QUICK REVIEW

[논문 리뷰] Verify Implementation Equivalence of Large Models

Qi Zhan, Xing Hu|arXiv (Cornell University)|2026. 03. 23.

Model-Driven Software Engineering Techniques인용 수 0

한 줄 요약

Emerge는 대형 모델 간 구현 등가를 확인하기 위해 필요에 따라 재작성 규칙을 합성·검증하는 e-그래프를 사용하여 수동 규칙 없이도 강건한 등가 검증을 가능하게 한다.

ABSTRACT

Verifying whether two implementations of the same large model are equivalent across frameworks is difficult in practice. Even when they realize the same computation, their graphs may differ substantially in operator decomposition, tensor layout, and the use of fused or opaque kernels, making manual rewrite rules hard to build and maintain. We present Emerge, a framework for checking Implementation Equivalence over computation graphs of large-model implementations. Instead of writing rules manually, Emerge represents the two implementations in an e-graph, infers candidate relations from execution values, and synthesizes rewrite rules on demand when existing rules are insufficient.

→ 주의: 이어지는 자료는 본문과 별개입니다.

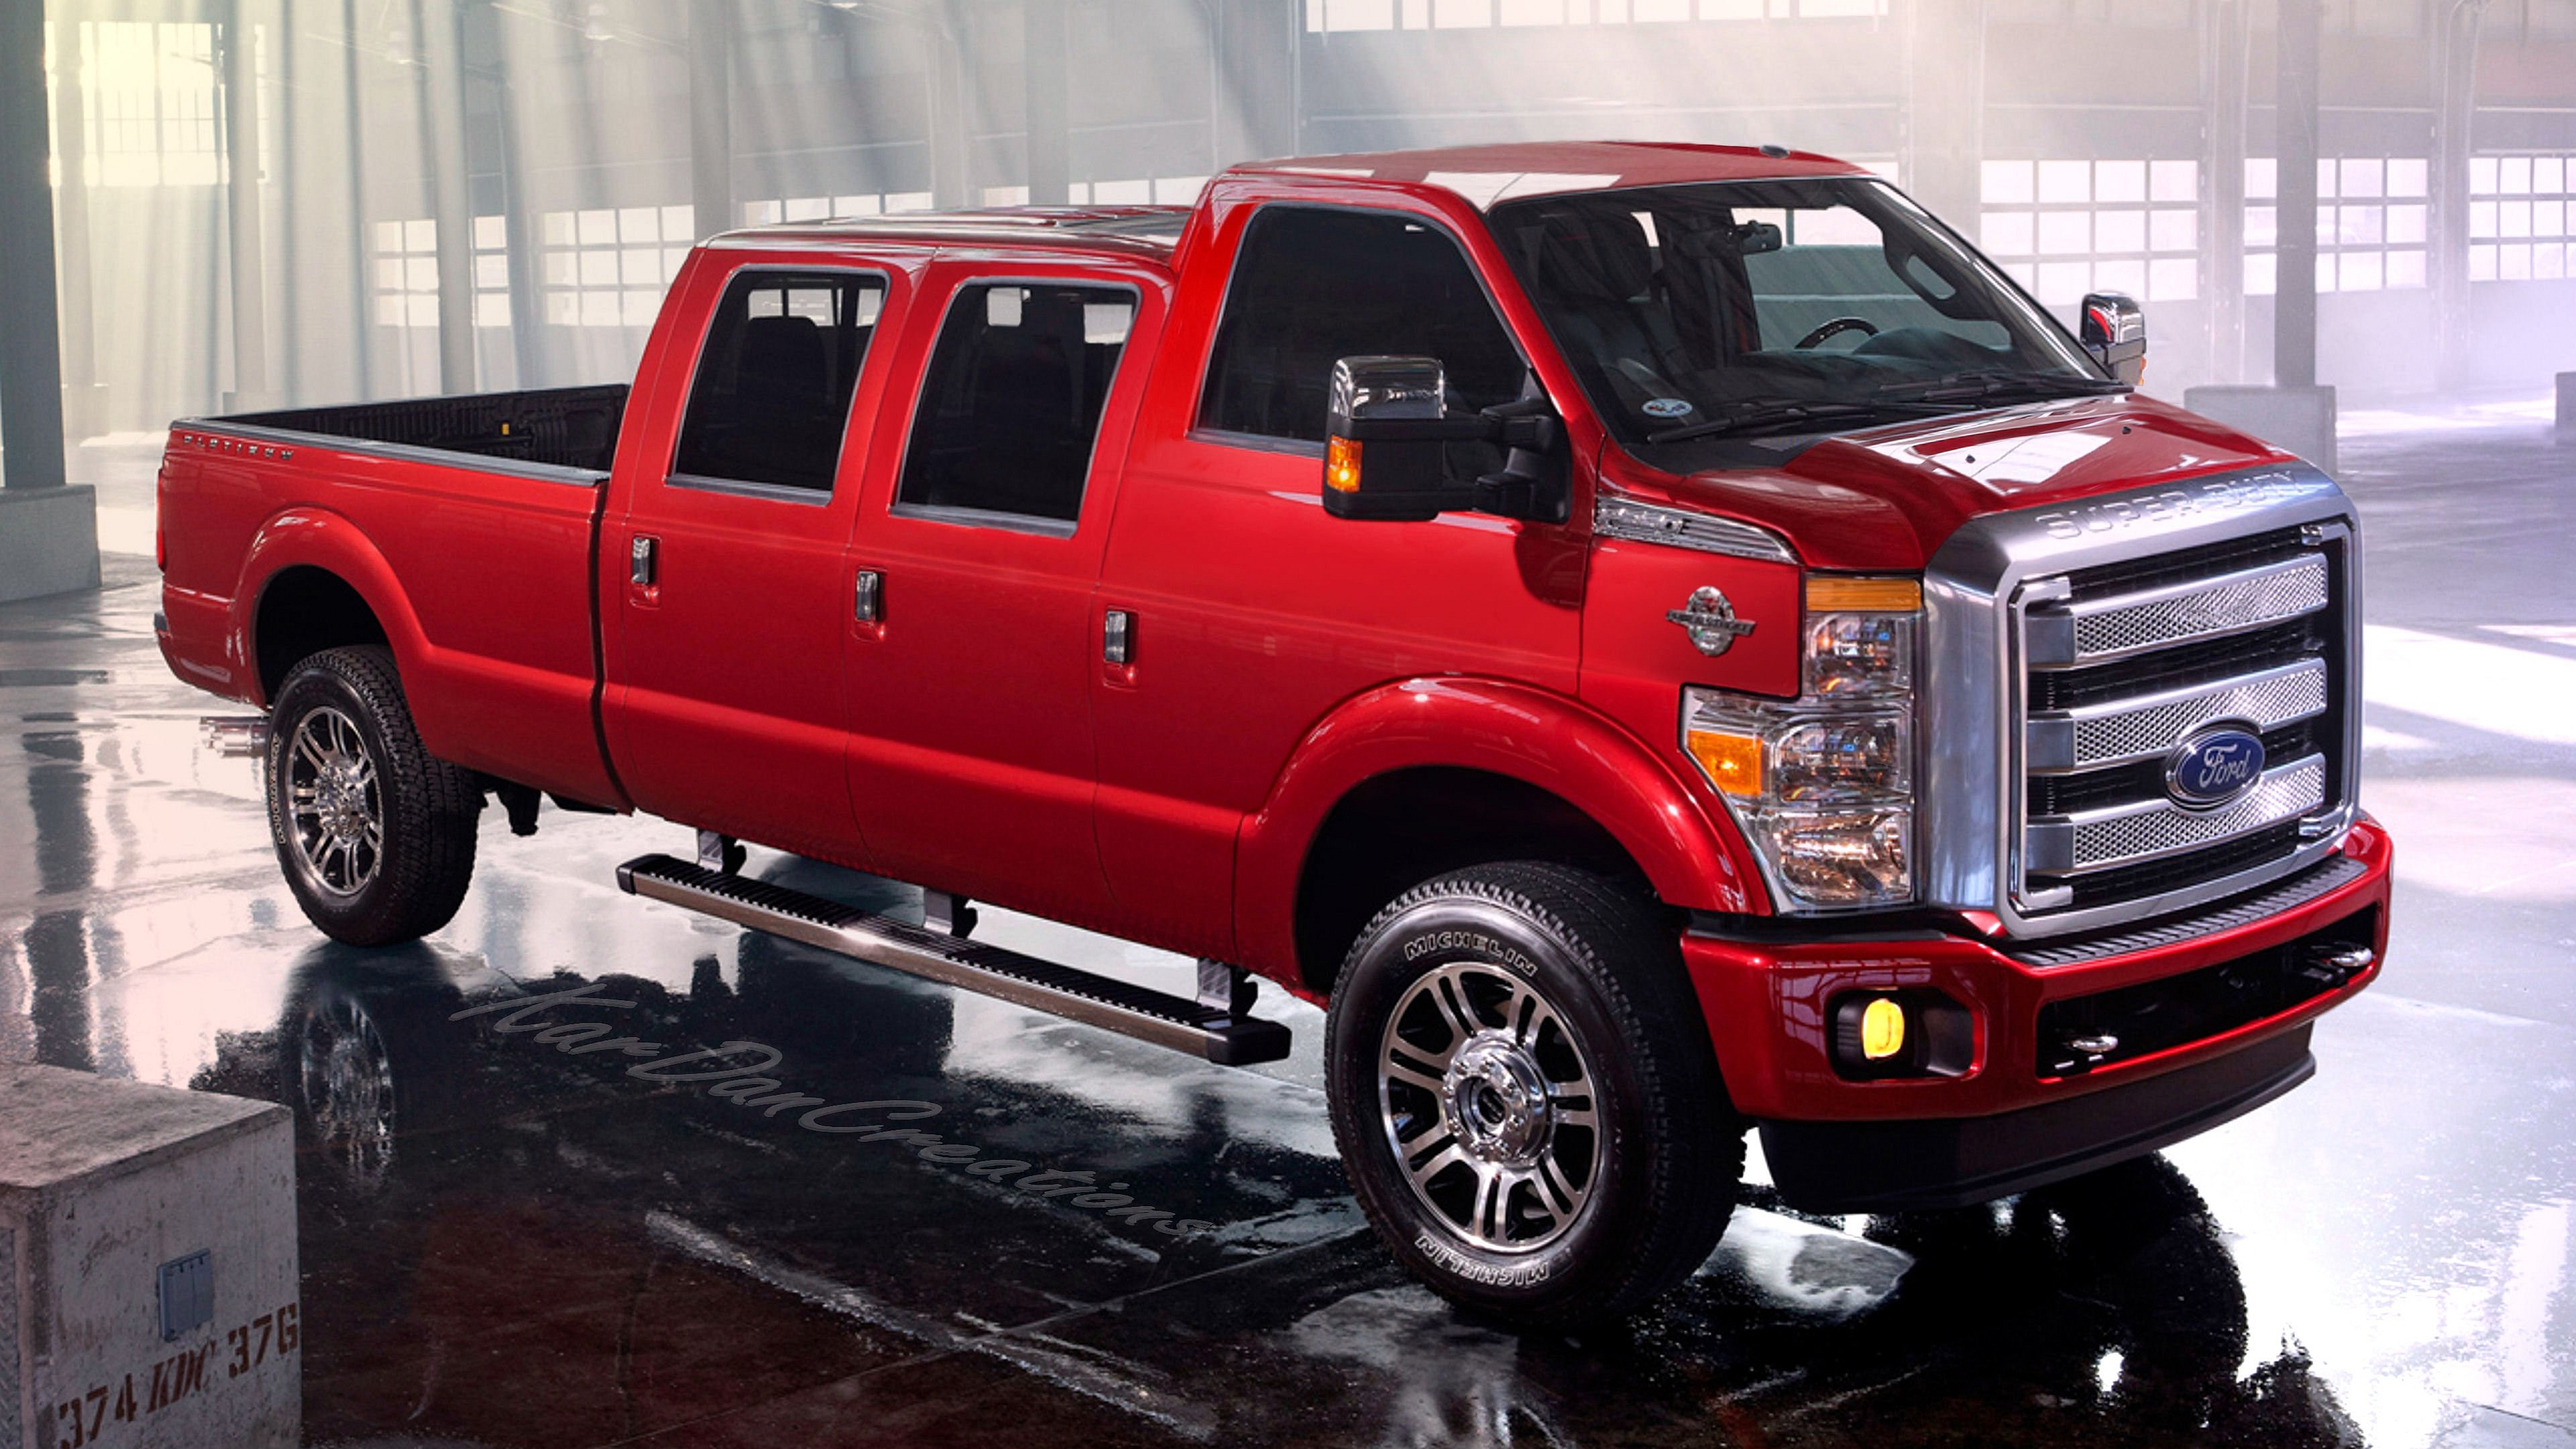 Ford F 350 Super Duty Coe Concept Wallpapers Vehicles Hq Ford F 350 Super Duty Coe Concept Pictures 4k Wallpapers 2019

Each synthesized rule is validated using the strongest applicable method, including SMT- based checking for symbolically tractable cases and constraint-aware randomized testing for opaque kernels, and then propagated through e-graph rebuilding to establish larger equivalences. Our current implementation targets inference computation graphs captured from HuggingFace Transformers and vLLM. Our evaluation shows that Emerge establishes equivalence for correct implementation pairs at practical cost, while also providing useful by-products for debugging: it detects 10 of 13 known implementation bugs and uncovers 8 previously unknown implementation issues that were later confirmed by developers. In addition, Emerge synthesizes block-level rules that compare favorably with manually authored ones.

연구 동기 및 목표

다양한 프레임워크의 모델 구현 간 구현 등가성 문제를 동기 부여하고 형식화한다.
수동으로 작성된 재작성 규칙에 의존하지 않는 동적 규칙 합성 기반 검증 프레임워크를 제공한다.
버그 탐지, 등가성 검증, 합성된 규칙의 품질에 대한 실용적 효과를 입증한다.

제안 방법

두 구현을 하나의 e-그래프에 표현하고 점진적으로 노드-수준의 등가성을 확립한다.
실행 트레이스로부터 후보 관계를 추론하고 필요 시 보조 변환으로 그래프를 보강한다.
의미적으로 관련되지만 일치하지 않는 부분 그래프를 연결하기 위해 즉석에서 재작성 규칙을 합성하고 SMT 해결 또는 제약 인식 무작위 테스트로 이를 검증한다.
구축된 등가성을 e-그래프 재구성을 통해 확산시켜 계산 그래프의 더 큰 부분을 커버한다.
TorchDynamo에 구현하여 프로덕션 코드로부터 계산 그래프를 추출하고 Transformers 및 vLLM에서 평가한다.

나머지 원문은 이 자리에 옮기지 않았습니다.